On Sunday, Haniya confirmed he had accepted Hamas's nomination and said: "I pray to God to help me to shoulder this great responsibility ... to serve the Palestinian cause until the return of the Palestinian rights." Haniya, 43, is widely viewed by Palestinians as a pragmatist who has forged good relations with rival factions. Hamas crushed the long-dominant Fatah faction in the parliamentary election on 25 January.
The group presented Haniya's candidacy to Abbas, the Palestinian president, on Sunday, paving the way for talks on forming a government. Hamas has said it hopes to persuade other parties to join a national unity administration in negotiations that could take several weeks.
Speaking to reporters at his house in the Beach refugee camp, Haniya said he and other leaders would meet Abbas later in the day in Gaza "to take the first steps" towards forming a government. "We will engage in dialogue and everything will be on the table for discussion," he said.
At the opening session of the Hamas-led parliament on Saturday, Abbas urged a future Hamas government to recognise past peace deals with Israel and commit itself to pursuing statehood through talks. Hamas rejected that call. But Haniya said: "We want to avoid any sharp debate, especially while the [Israeli] occupation refuses to recognise Palestinian rights and refuses to recognise the agreements signed with the [Palestinian] Authority."
Elected under the slogan of Change and Reform, Haniya said the group would seek to introduce political, social, economic, financial and administrative reforms into authority institutions plagued by corruption Commenting on the possible cut-off or reduction of Western aid to a Hamas-led government, Haniya said the group had several alternatives.
"We have our Arab and Islamic nations and we have also some countries in the international community which expressed a desire to have relations with the coming government." Haniya told Aljazeera on Sunday: "Hamas will bear its responsibilities on both the Palestinian and regional levels. "Palestinians are looking forward to a government reflecting their ambition, expressing their hopes and sticking to their rights and objectives.
"Hamas will be open to the regional and international community.

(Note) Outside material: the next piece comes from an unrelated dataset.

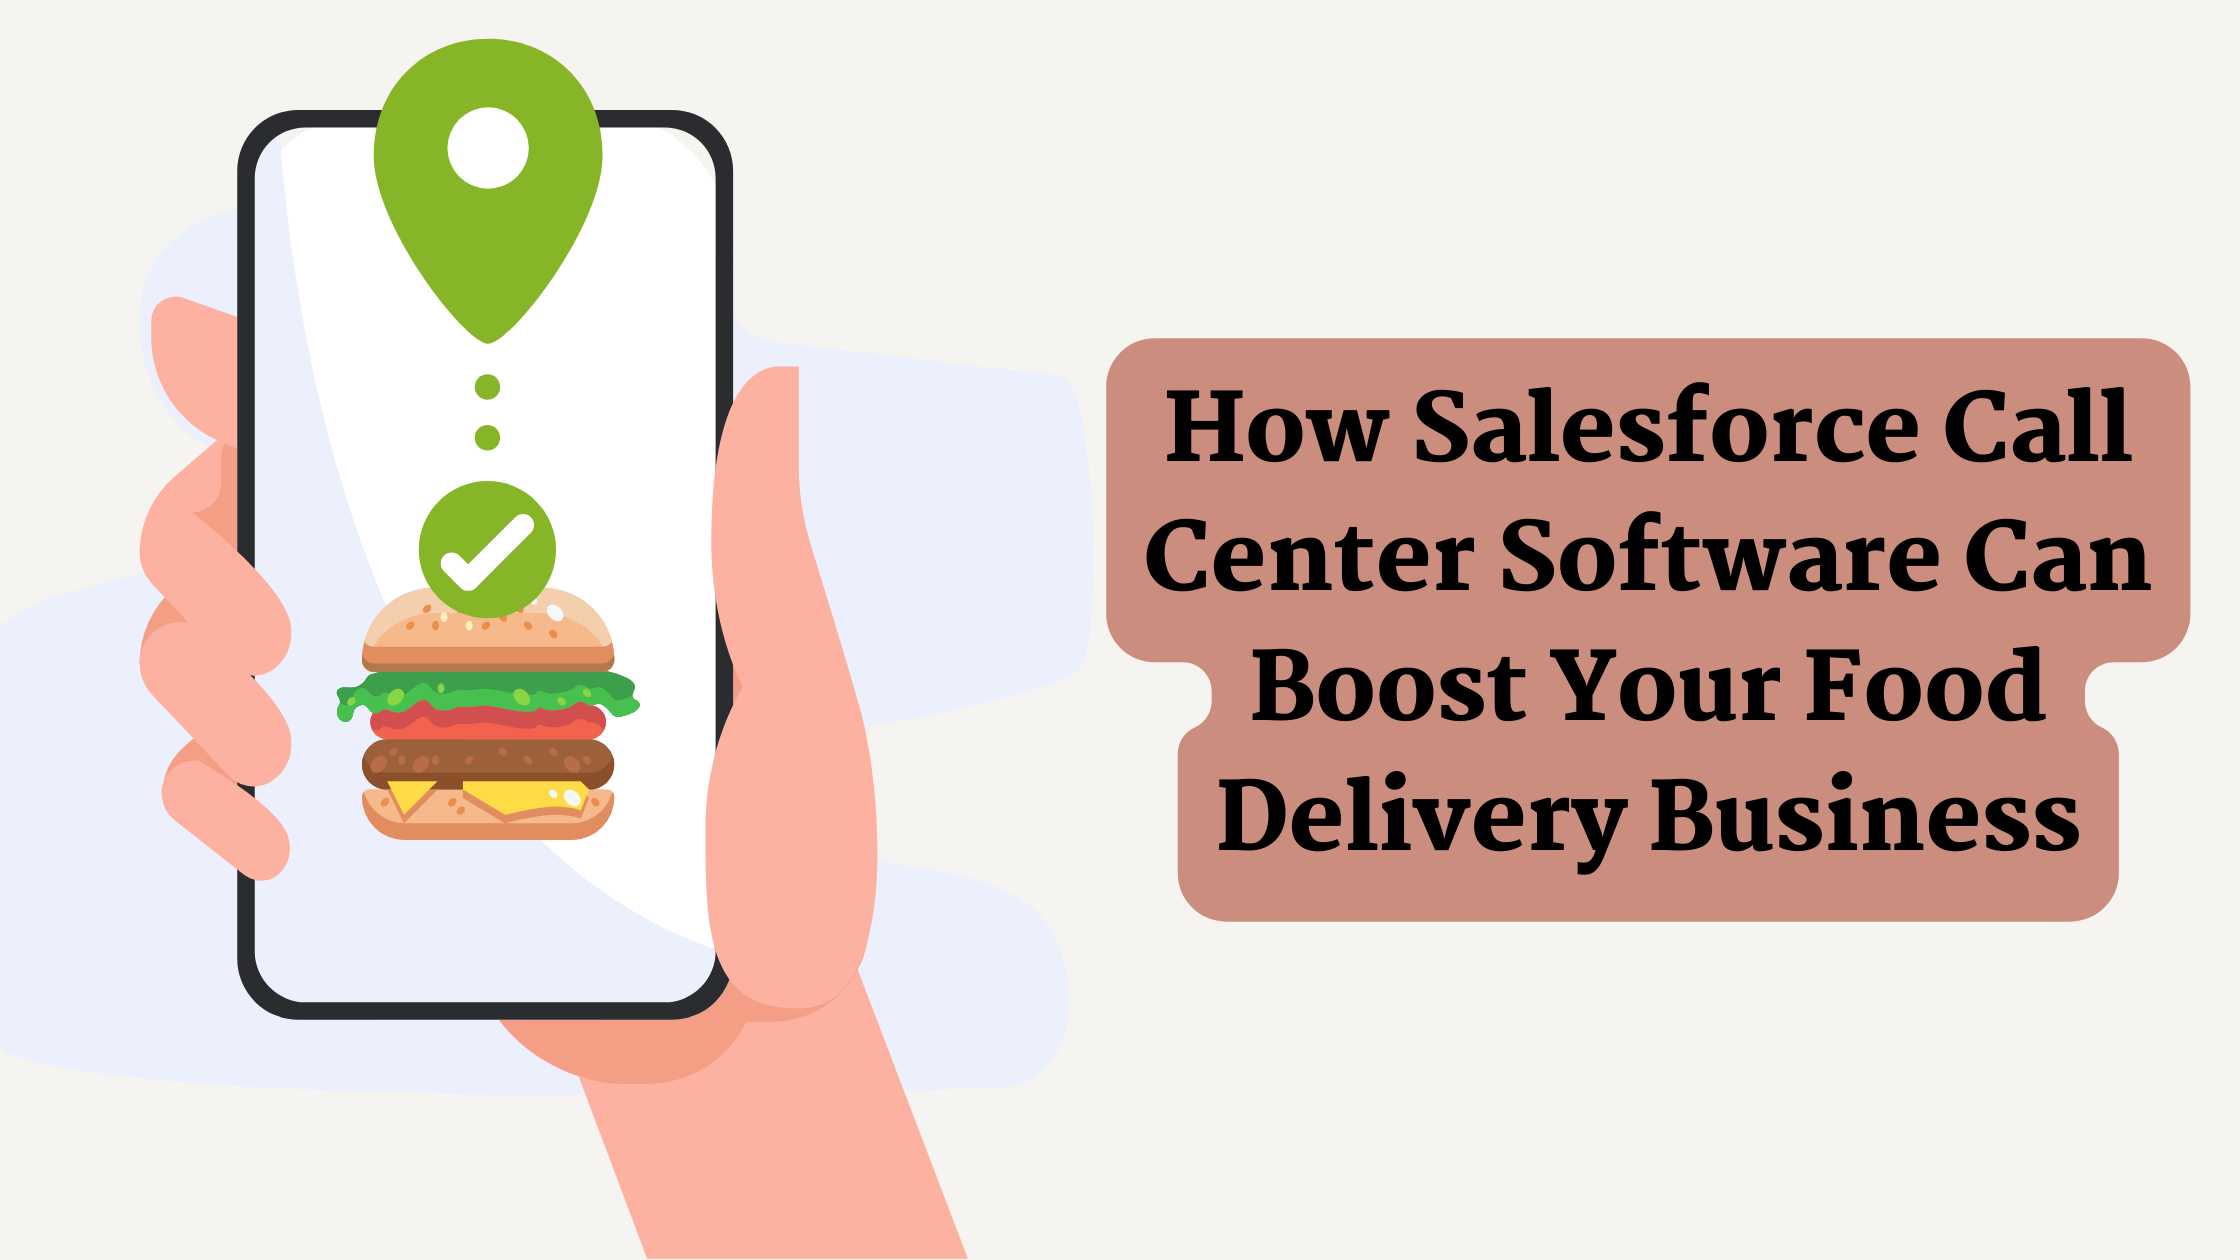 How Salesforce Call Center Software Can Boost Your Food Delivery Busines

Hamas has to preserve and serve its people's rights and maintain their economic and security requirements," he told Aljazeera. In Jerusalem, the Israeli cabinet said it was cutting off the monthly transfer of tax revenues that Israel collects on behalf of the Palestinian Authority and urged international donors to stop all but humanitarian aid. Haniya said the Israeli restrictions were aimed at "bringing the Palestinian people to their knees".
"These decisions do not frighten our Palestinian people and they do not frighten the coming Palestinian government. We had dealt with challenges in the past and we will be able to handle the coming challenges."